As it currently stands, this question is not a good fit for our Q&A format. We expect answers to be supported by facts, references, or expertise, but this question will likely solicit debate, arguments, polling, or extended discussion. If you feel that this question can be improved and possibly reopened, visit the help center for guidance.If this question can be reworded to fit the rules in the help center, please edit the question.
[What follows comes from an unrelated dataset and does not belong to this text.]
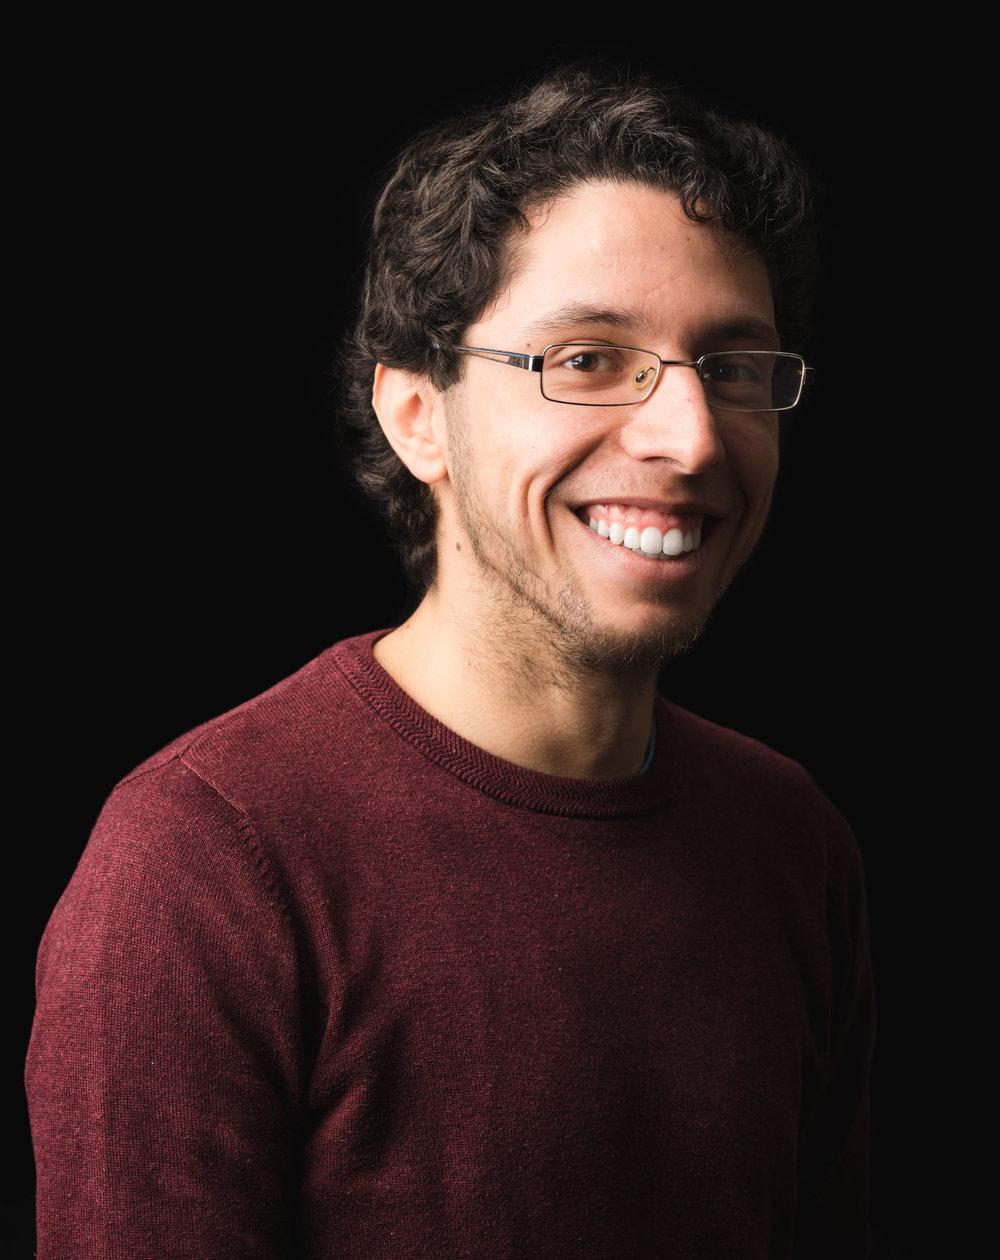 Jorge Louro Mota

Unfortunately we need this user and don't want to confront him directly about this so You have an HR problem, not an IT problem. That said, if you want some non-confrontational ideas about how to break this user's fingers (or the like) so he's no longer capable of torrenting or downloading movies, I can help you there. – HopelessN00b Feb 12 '13 at 19:37
Why can't you touch the router? – Shane Madden Feb 12 '13 at 19:37
Have you thought about setting his computer's NIC to 10mbps? – Chopper3 Feb 12 '13 at 19:39
No problem, I figured you did, just wanted to clarify it for those who didn't. – Brent Pabst Feb 12 '13 at 19:44
Let's face it, this user is almost certainly breaking the law by torrenting movies, and by allowing this to continue, does that not make you and/or your company an accessory to this crime, and therefore liable to prosecution? Sorry, but I don't agree with what you are doing here. You don't need to confront this member of staff, you need to give him the boot. – Bryan Feb 12 '13 at 20:39

There is no real way to solve an HR problem like this with IT policies and hacks. The best possible solution would be to implement a solution from OpenDNS or many others to simply block content on your network that has nothing to do with your company.

Torrents should not be allowed on a corporate network, there are by far way TOO many possible security holes that you would have to constantly plug.

Your tools to combat this should consist of a strong Acceptable Use Policy (AUP) or verbage in your employee handbook. This gives you more leverage when working with your HR team to control users and their actions while using corporate resources. You can combine this with OpenDNS to enforce the rules in some regards. Either way, enforcement comes down to human policies and intervention, not technical.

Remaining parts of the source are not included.